SUPPLIED INFORMATION -

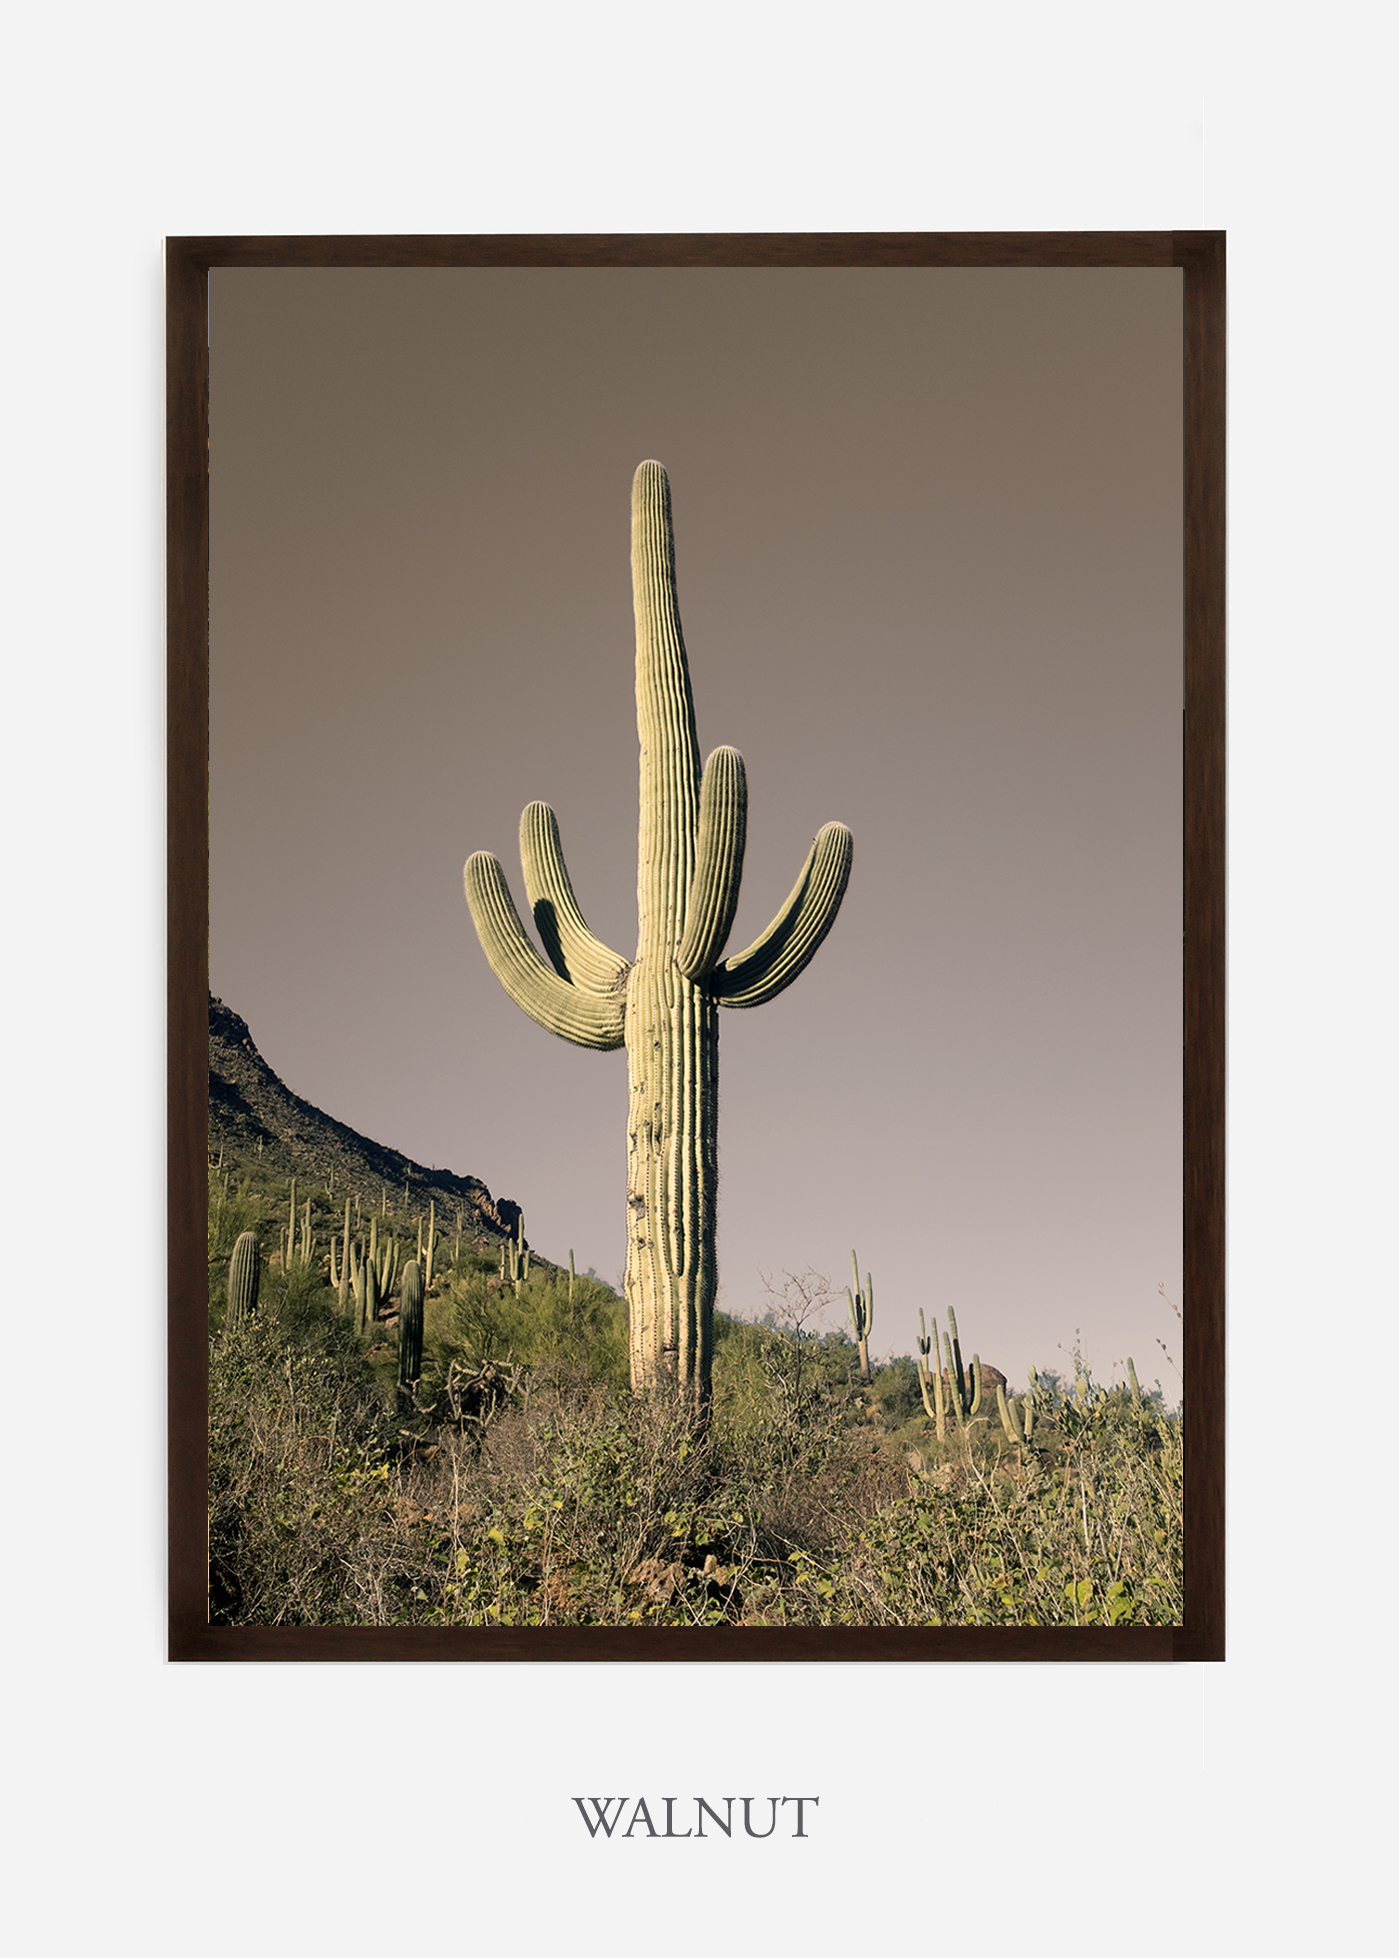 nomat-walnutframe-saguaroNo.20-wildercalifornia-art-wallart-cactusprint-homedecor-prints-arizona-botanical-artwork-interiordesign.jpg
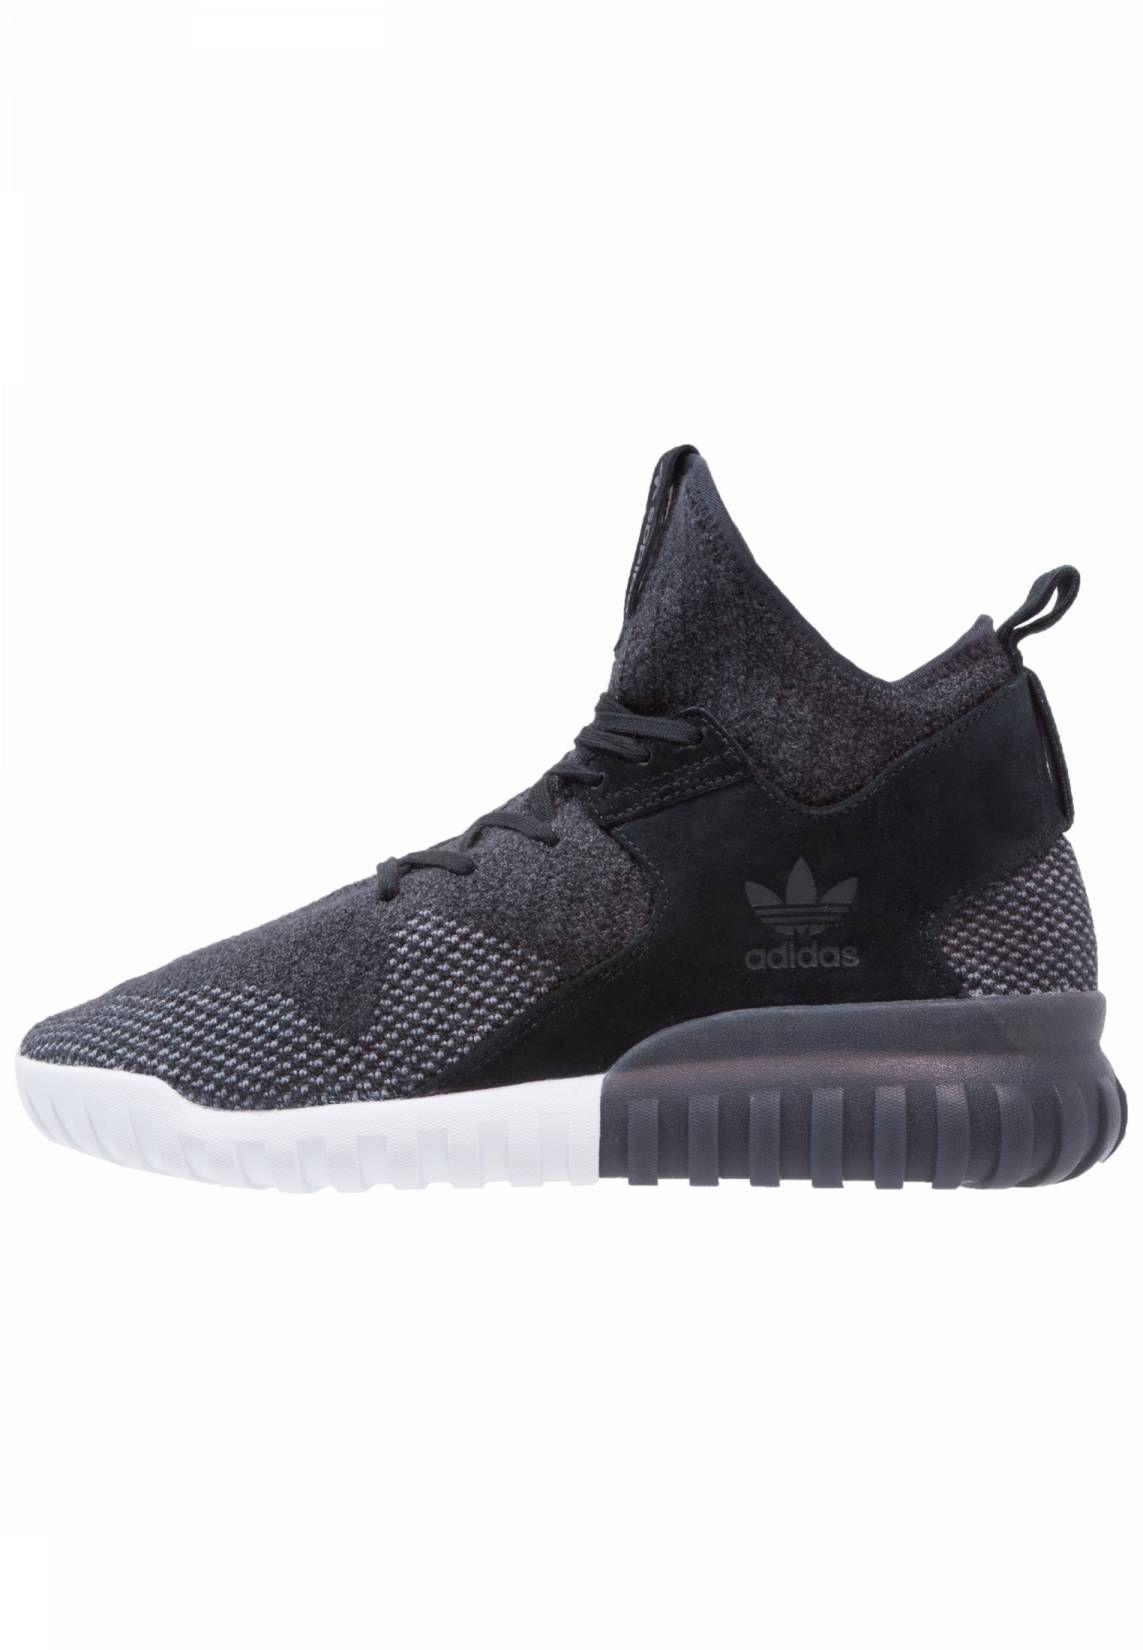 29918465f1db41 adidas Originals. TUBULAR X - High-top trainers - core black dark grey
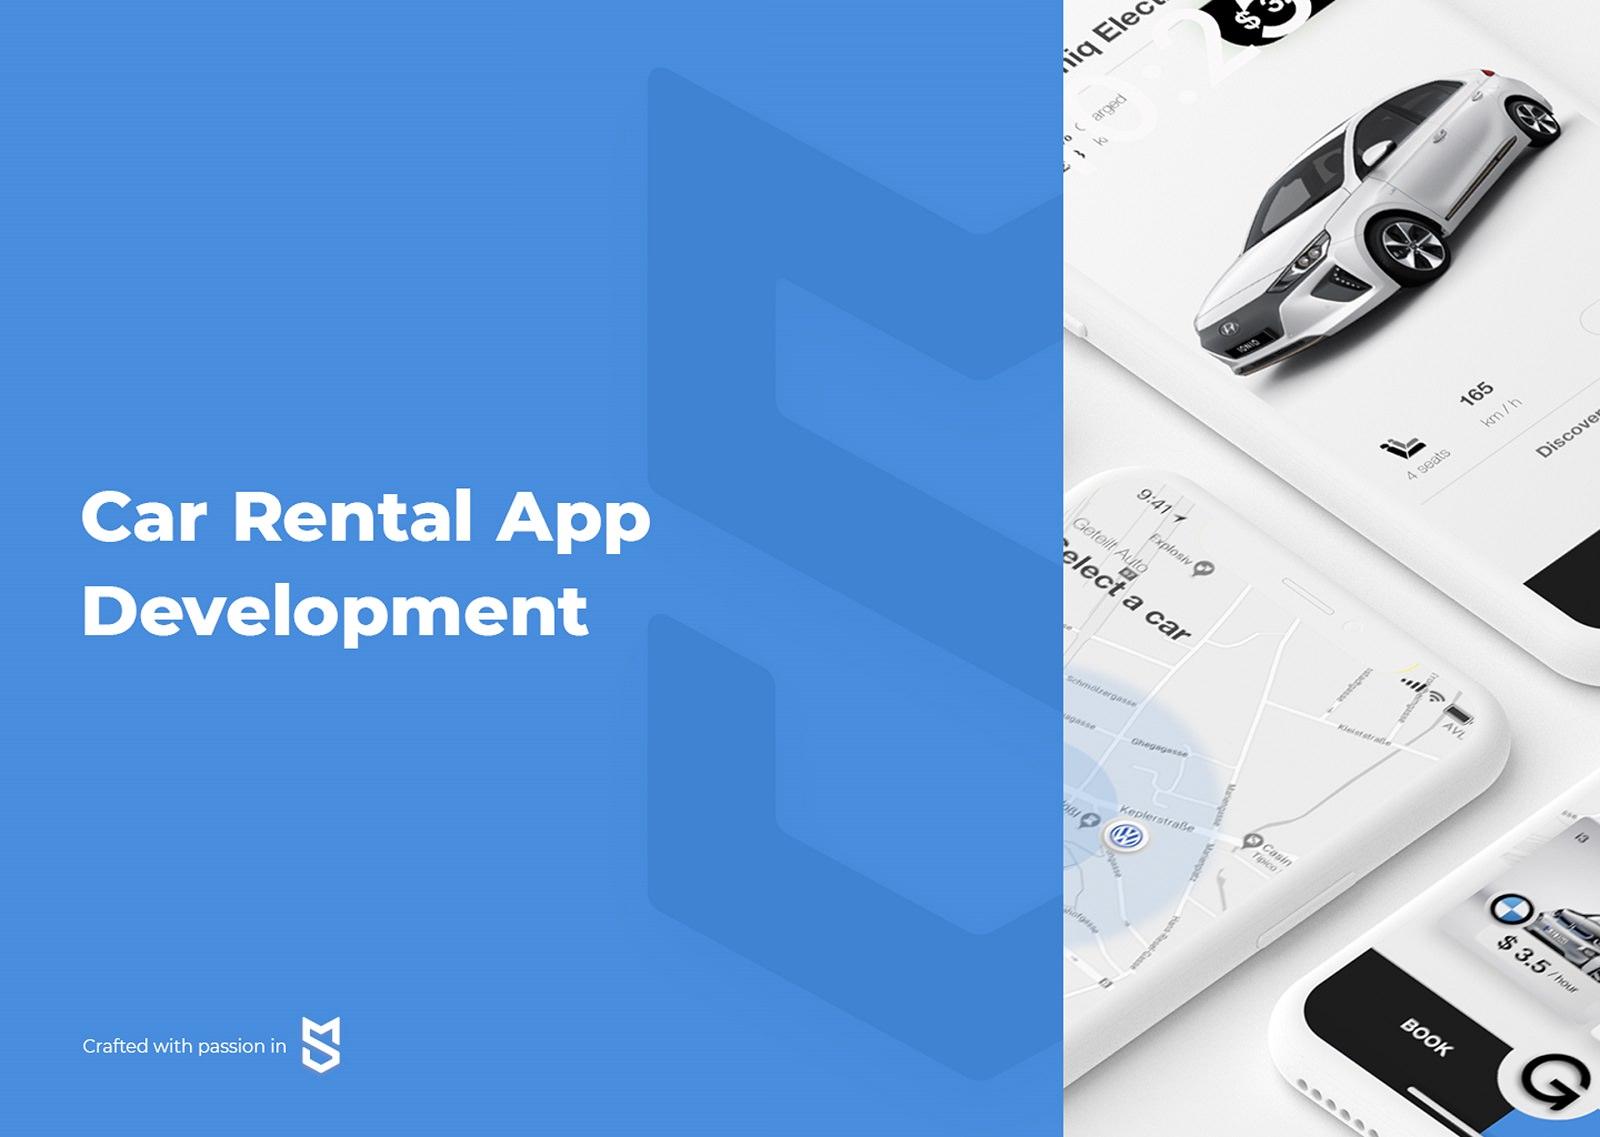 How to Make Car Rental App like Turo, Avis or Hertz? - Mind

TASK DESCRIPTION - The material above must be printed exactly, with its pictures left out.

TASK RESULT -
 nomat-walnutframe-saguaroNo.20-wildercalifornia-art-wallart-cactusprint-homedecor-prints-arizona-botanical-artwork-interiordesign.jpg
 29918465f1db41 adidas Originals. TUBULAR X - High-top trainers - core black dark grey
 How to Make Car Rental App like Turo, Avis or Hertz? - Mind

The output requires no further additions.